Technique 1: Prompt caching
Technique 2: Tool search and deferred loading
Technique 3: Programmatic tool calling
Technique 4: Compaction
Technique 5: The advisor strategy
Production gotchas that will bite you
Where to start
FAQ

Technique 1: Prompt caching#

Docs: Anthropic prompt caching reference

Prompt caching is a server-side feature. Anthropic's API computes a hash of your prompt prefix, and if it finds a match in cache from a recent request, it reuses the cached portion. You only pay full input token prices for the new dynamic content.

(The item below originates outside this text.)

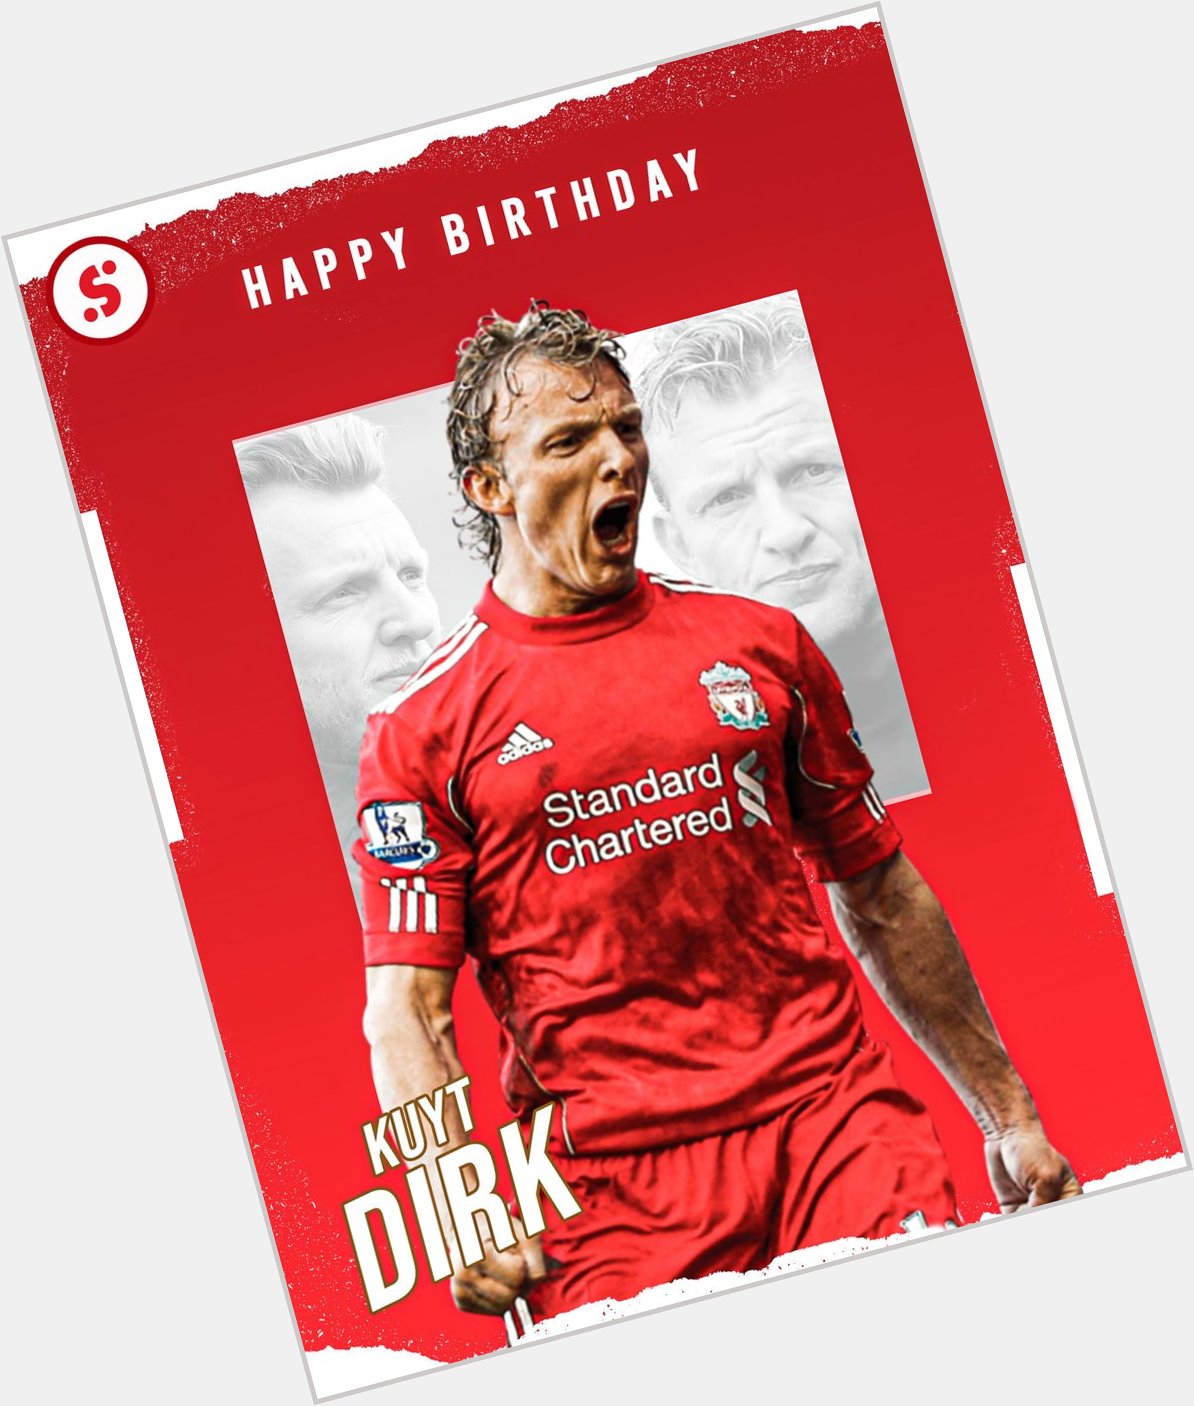 Happy 4  2  nd Birthday to former Liverpool forward Dirk Kuyt    
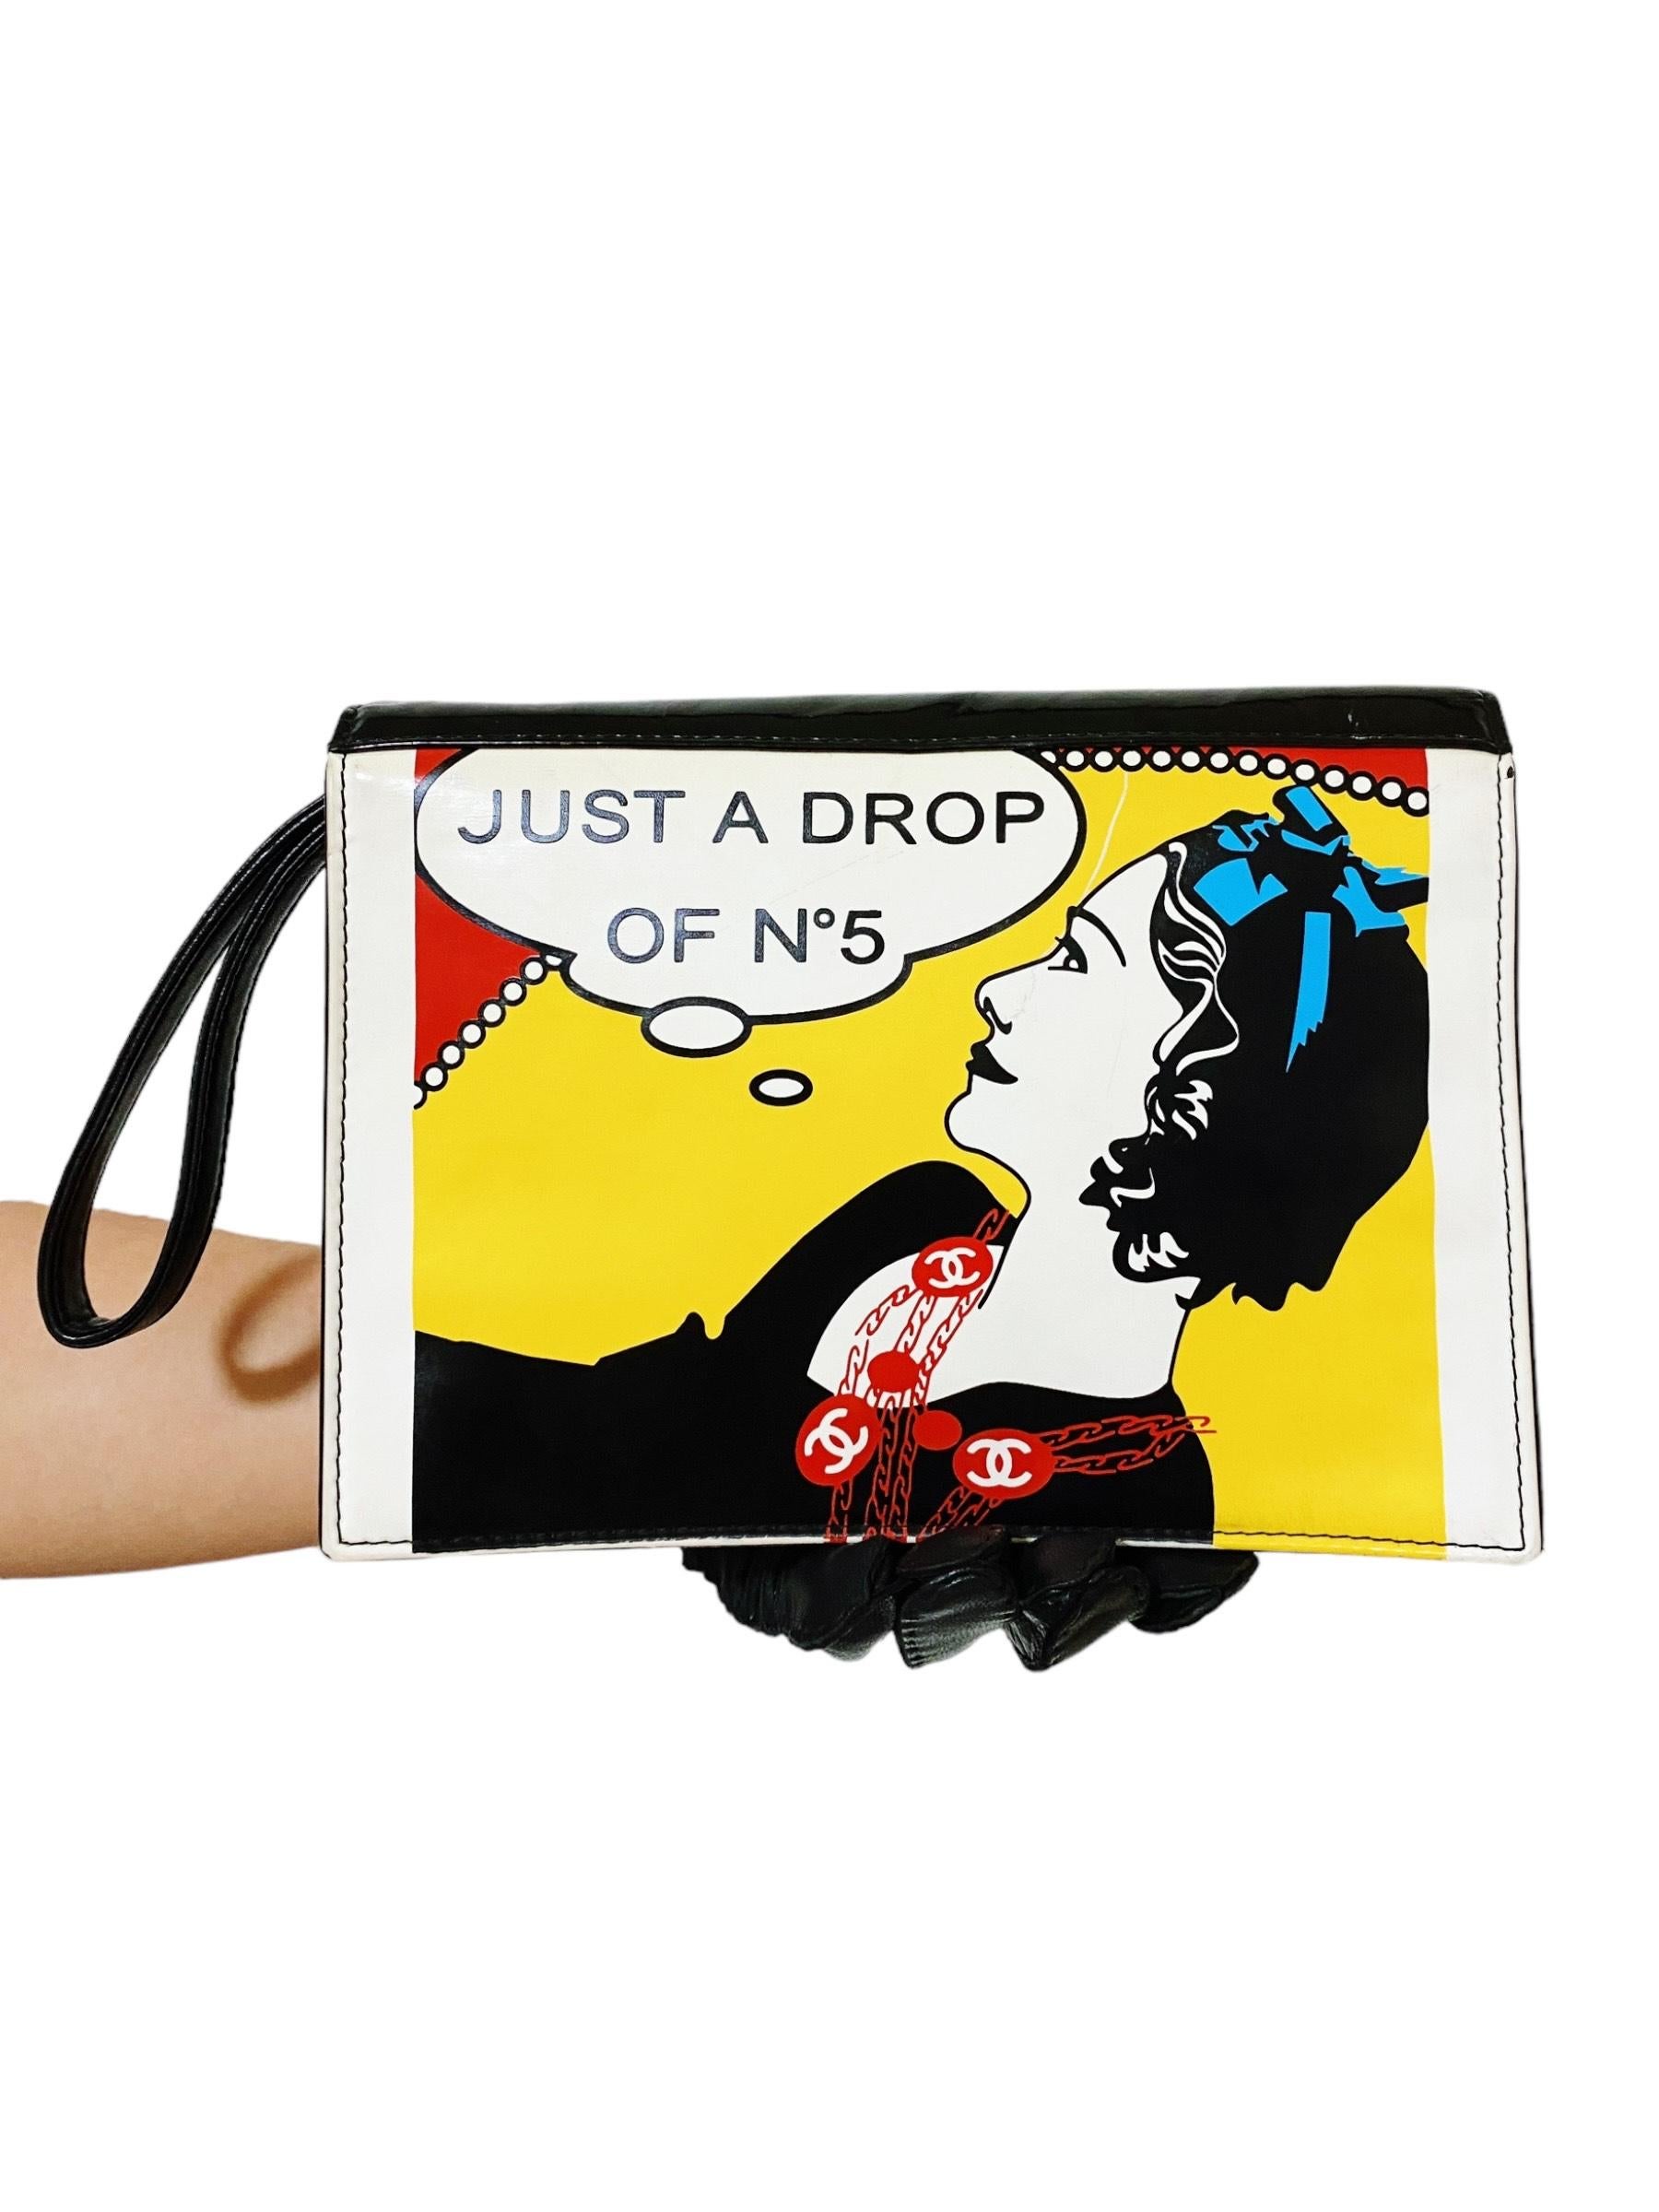 Iconic and extremely hard-to-find Chanel Mademoiselle Comic Clutch. One of the rarest vintage CHANEL purses that features CHANEL Mademoiselle portrait print saying

The default TTL is 5 minutes. A 1-hour TTL option exists for slower sessions (like long-running chats) but costs more to write and read. The billing breakdown: cache writes are ~1.25x the base input price, cache reads are ~0.1x. Once you have a high hit rate, this is where the 90% discount figure comes from.

Where to place breakpoints#

You control caching by adding cache_control breakpoints to your prompt. The breakpoint goes on the last content block of your stable prefix. Everything up to and including that block gets cached.

python code-highlight

import anthropic

client = anthropic.Anthropic()

response = client.messages.create(
    model="claude-sonnet-4-6",
    max_tokens=1024,
    system=[
        {
            "type": "text",
            "text": "You are an expert financial analyst with access to company data tools.",
        },
        {
            "type": "text",
            # All your expensive tool descriptions and background context go here
            "text": "<your static tool descriptions and background context>",
            "cache_control": {"type": "ephemeral"}  # Cache everything above this
        }
    ],
    messages=[
        {"role": "user", "content": user_message}  # Only dynamic part is fresh
    ]
)

print(response.usage.cache_read_input_tokens)    # Tokens served from cache
print(response.usage.cache_creation_input_tokens) # Tokens written to cache

The usage object in every response tells you exactly what happened. Watch cache_read_input_tokens versus cache_creation_input_tokens to know your actual hit rate.

Pre-warming the cache#

Do not wait for the first real user request to populate the cache. Pre-warm it at deploy time by sending a request with max_tokens=0. The API runs the prefill, writes to cache, and returns immediately without generating output.

python code-highlight

# Run this in your deployment script, or on a cron every 4 minutes
prewarm = client.messages.create(
    model="claude-sonnet-4-6",
    max_tokens=0,  # No output generated — just warms the cache
    messages=[
        {
            "role": "user",
            "content": [
                {
                    "type": "text",
                    "text": "<your full static prefix here>",
                    "cache_control": {"type": "ephemeral"}
                },
                {
                    "type": "text",
                    "text": "warmup"  # Throwaway dynamic content
                }
            ]
        }
    ]
)

print(prewarm.stop_reason)  # "max_tokens" — expected
print(prewarm.usage.cache_creation_input_tokens)  # Confirms the write happened

My take here: this one step alone moved the needle more than any prompt tuning I had done. Running it on a schedule every 4 minutes (just under the 5-minute TTL) keeps the cache hot continuously.

Brad Abrams on stage at Code w/ Claude showing the prompt caching slide with real cache hit rate dashboards from Claude products, all above 90%

Technique 2: Tool search and deferred loading#

Docs: Anthropic tool use reference

If you have more than 10-15 tools, loading all their schemas upfront is wasteful. Most agents use 3-5 tools on any given turn. The rest just add noise and tokens.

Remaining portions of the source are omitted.